* **Information provided**
....

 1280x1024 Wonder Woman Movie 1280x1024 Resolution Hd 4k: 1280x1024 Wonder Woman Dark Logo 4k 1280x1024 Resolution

....

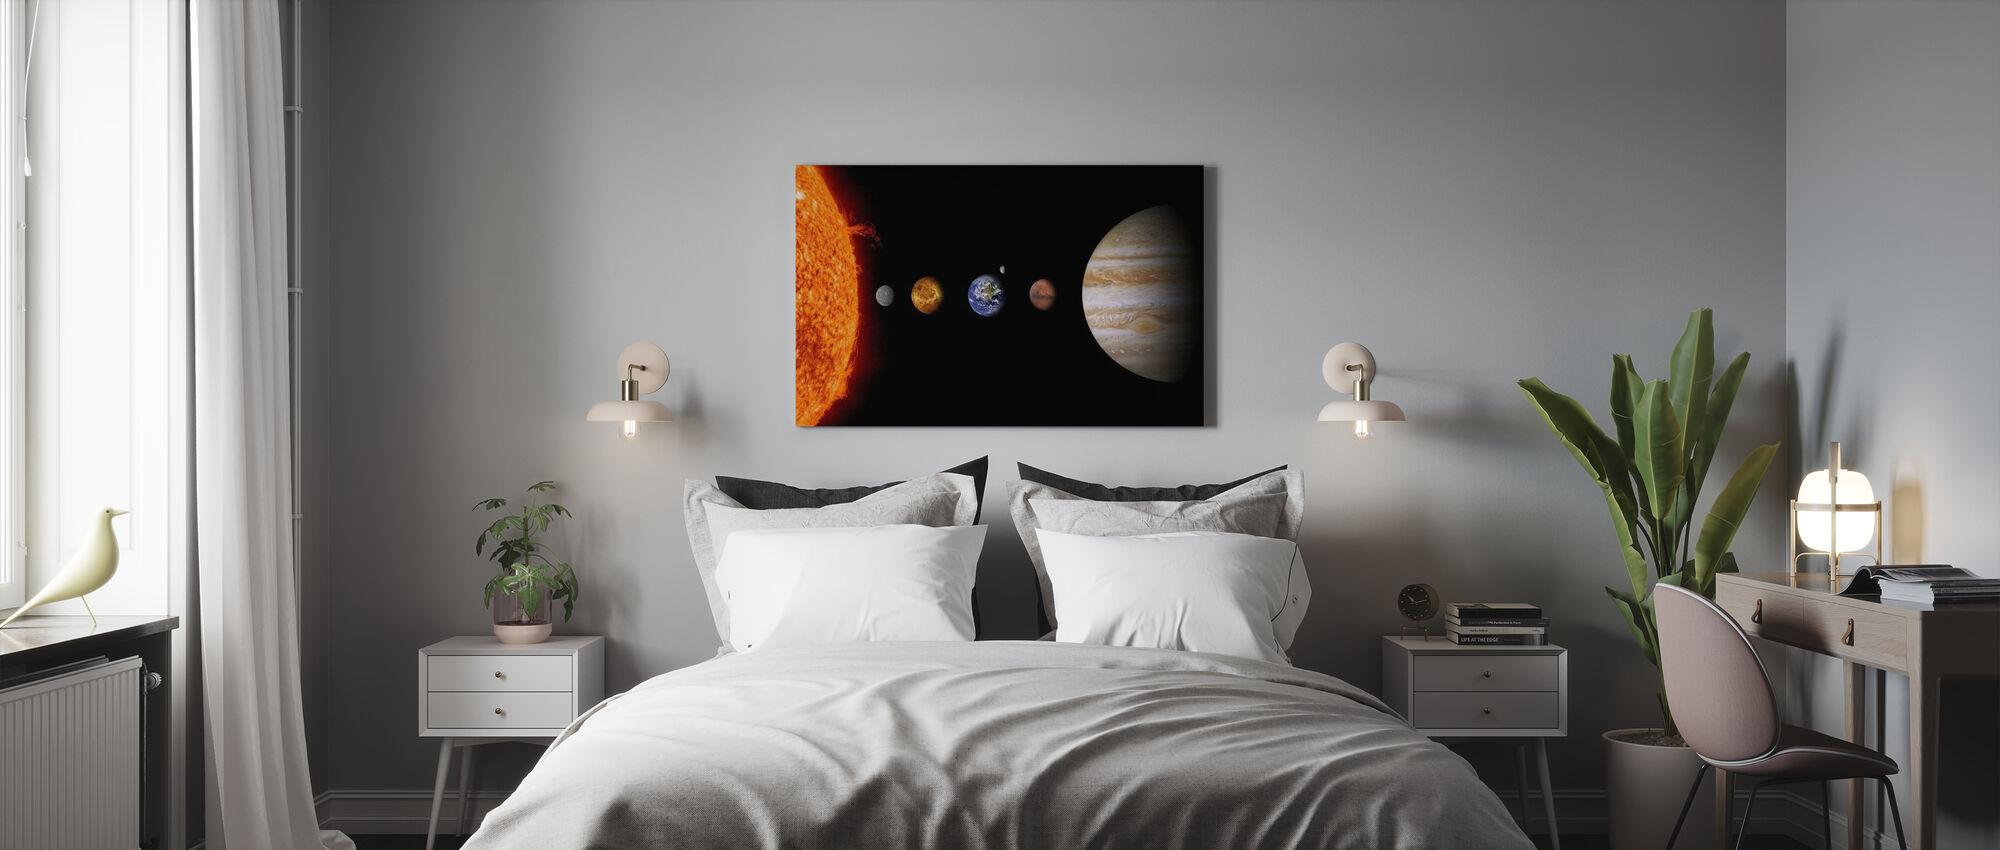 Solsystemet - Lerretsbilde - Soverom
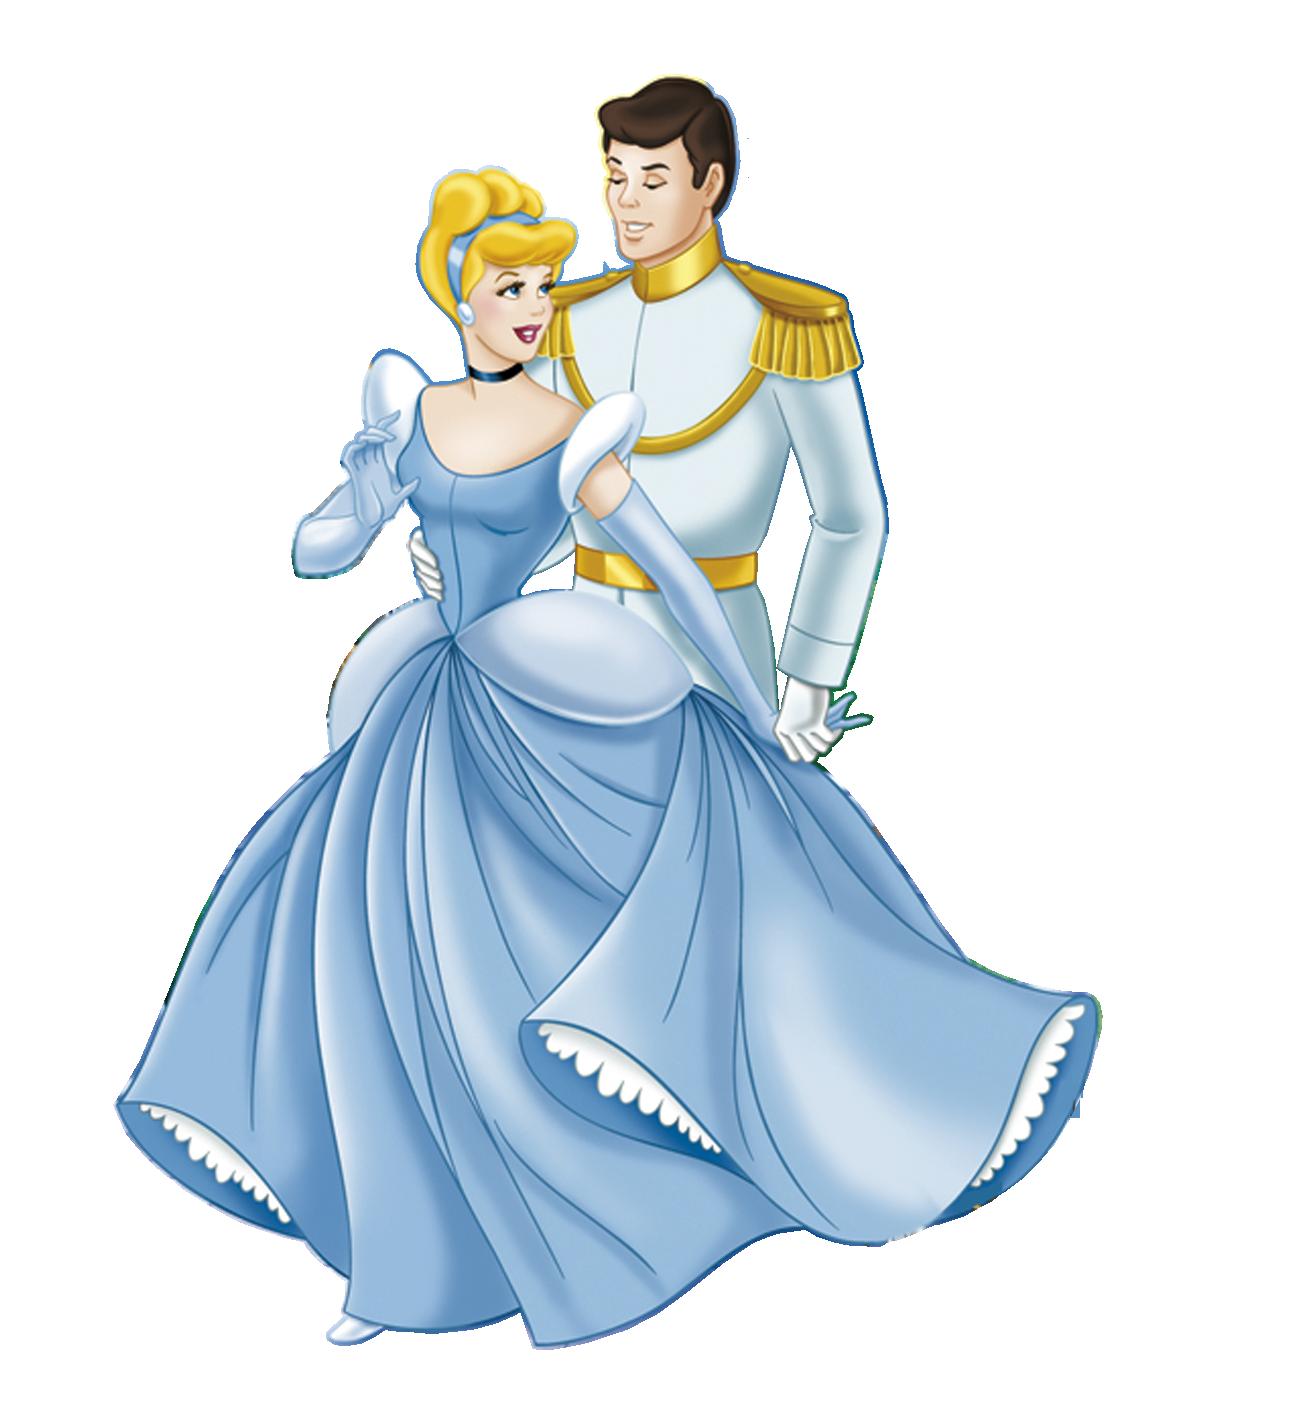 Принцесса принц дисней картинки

....

* **Work instruction**
In the listing above, find the line containing "Solsystemet - Lerretsbilde - Soverom" and the line containing "Принцесса принц дисней картинки". Print those two lines and every line between them exactly, with no pictures.

* **Solution to this problem**
 Solsystemet - Lerretsbilde - Soverom
 Принцесса принц дисней картинки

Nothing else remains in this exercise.